● Work order
Exactly the lines from the one with "Malene Birger: Marisol" through the end of the data below must be set down, and no pictures with them.

● Data provided
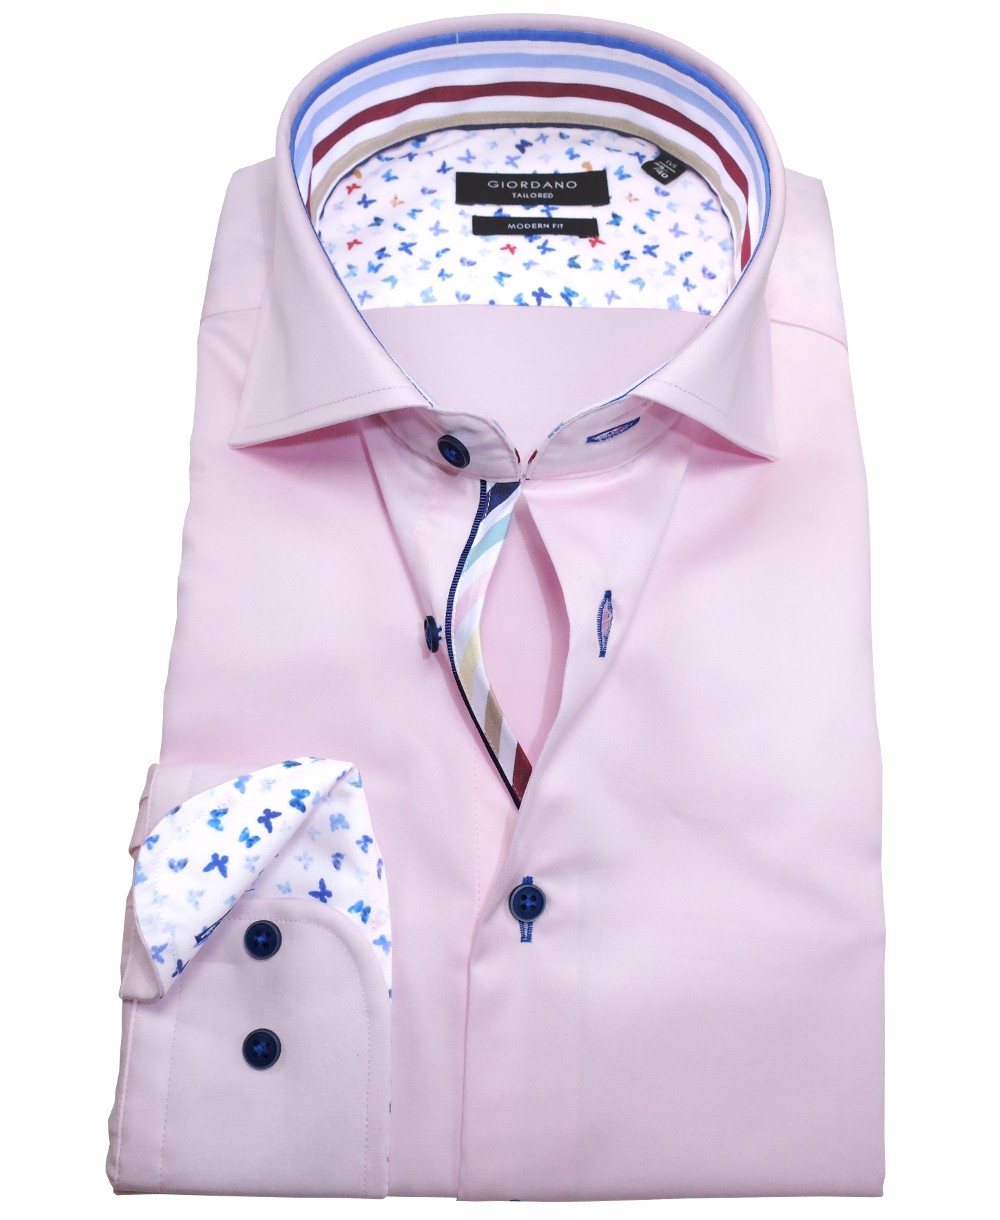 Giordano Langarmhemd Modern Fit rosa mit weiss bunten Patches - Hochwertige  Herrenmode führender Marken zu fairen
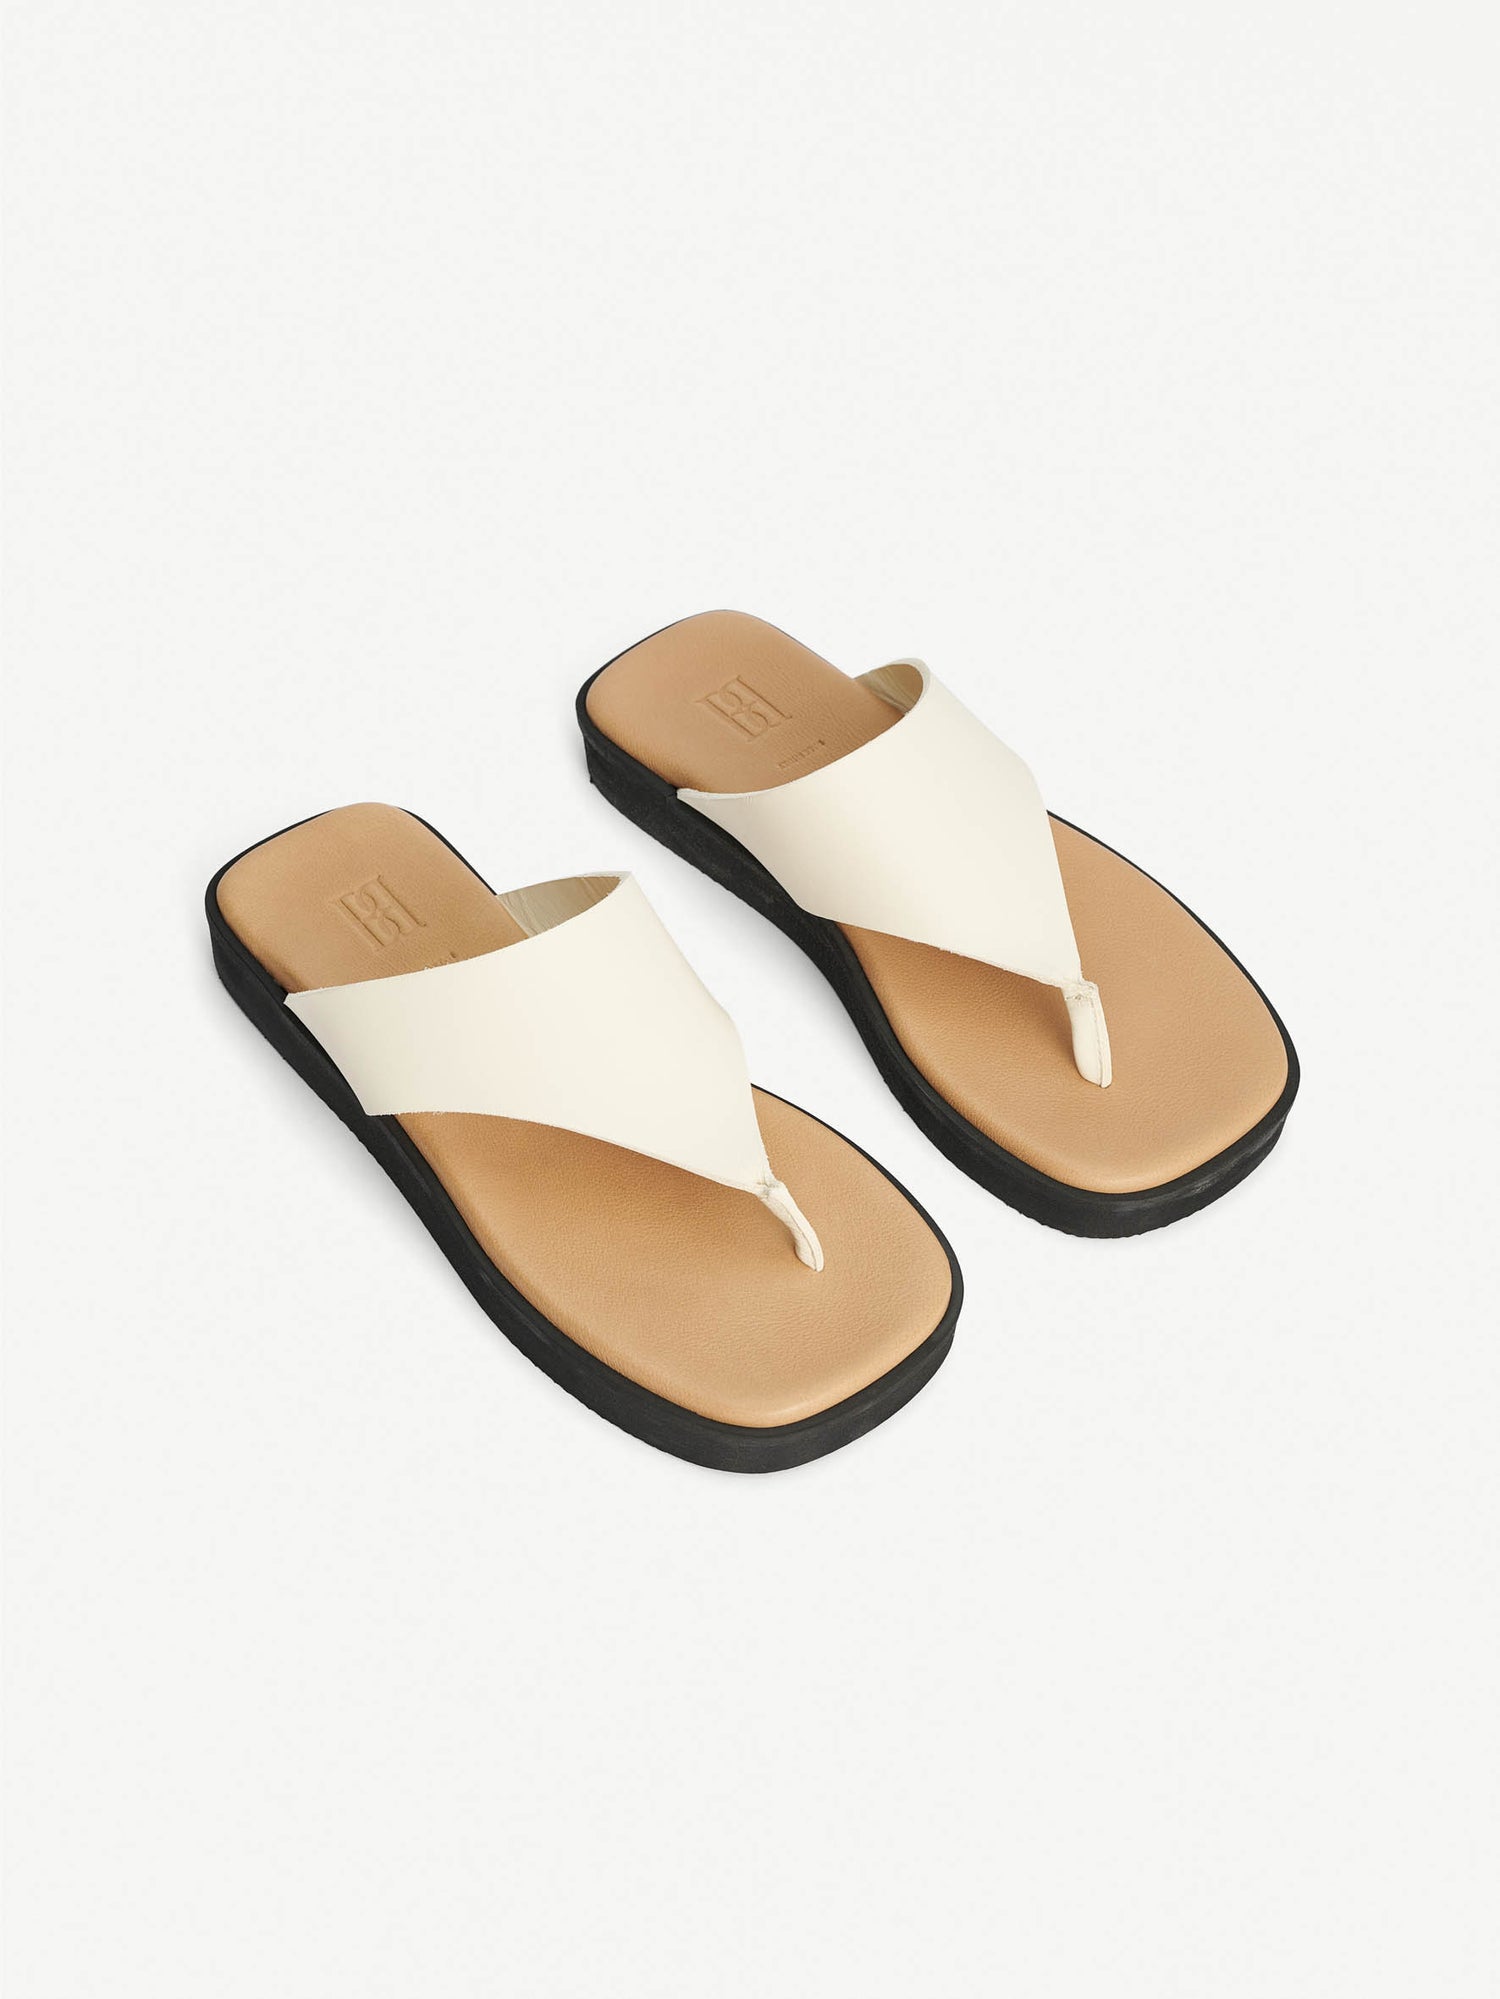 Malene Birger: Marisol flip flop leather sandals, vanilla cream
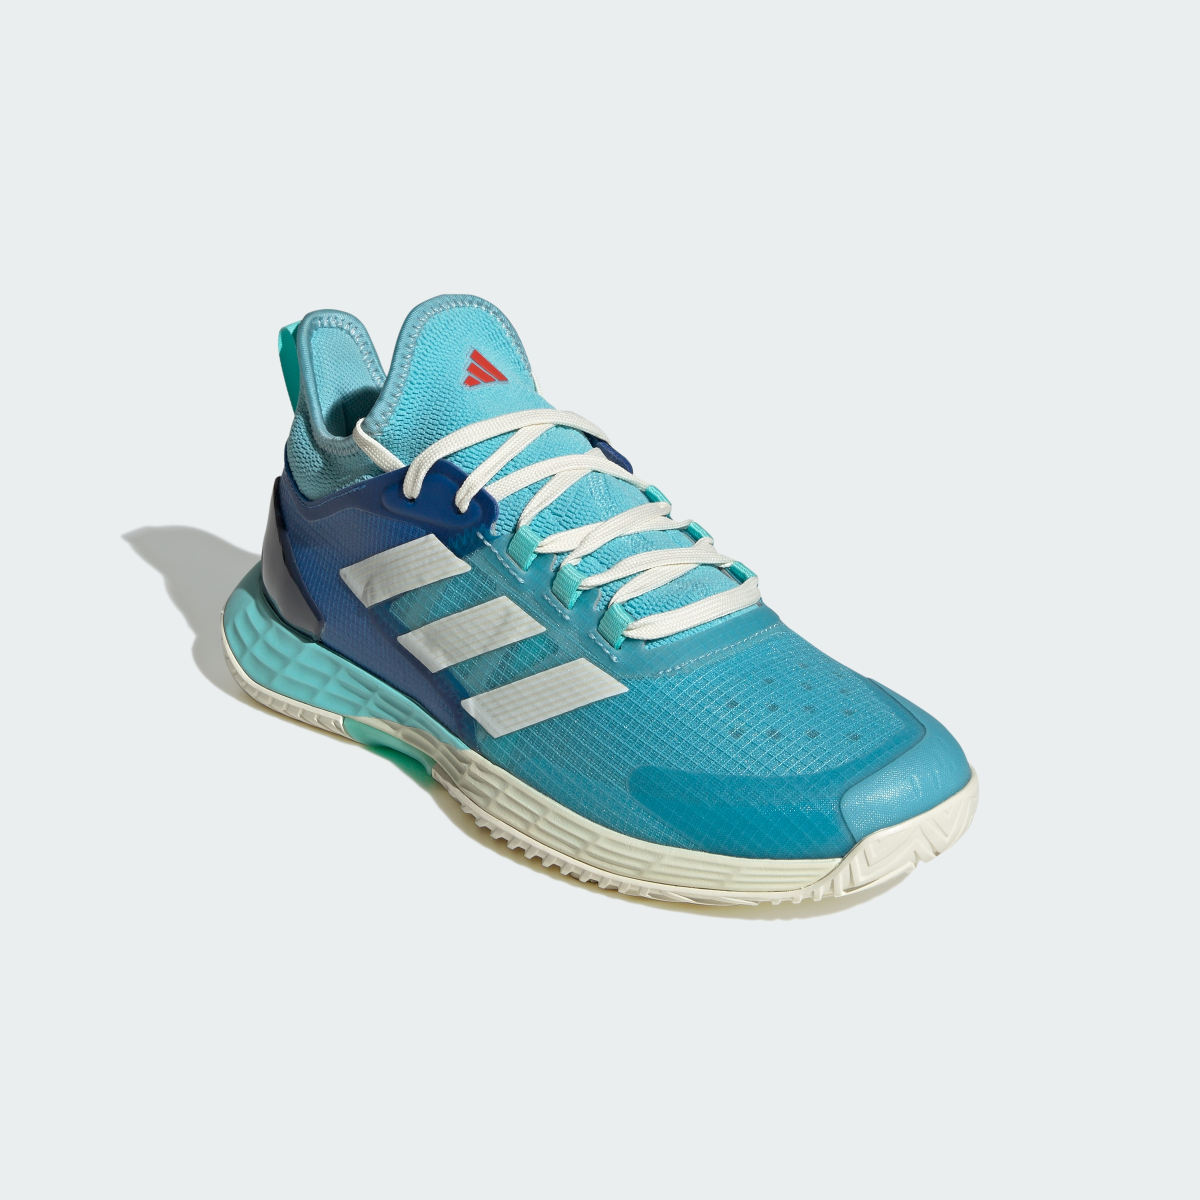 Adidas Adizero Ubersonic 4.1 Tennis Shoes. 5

● Your solution
 Malene Birger: Marisol flip flop leather sandals, vanilla cream
 Adidas Adizero Ubersonic 4.1 Tennis Shoes. 5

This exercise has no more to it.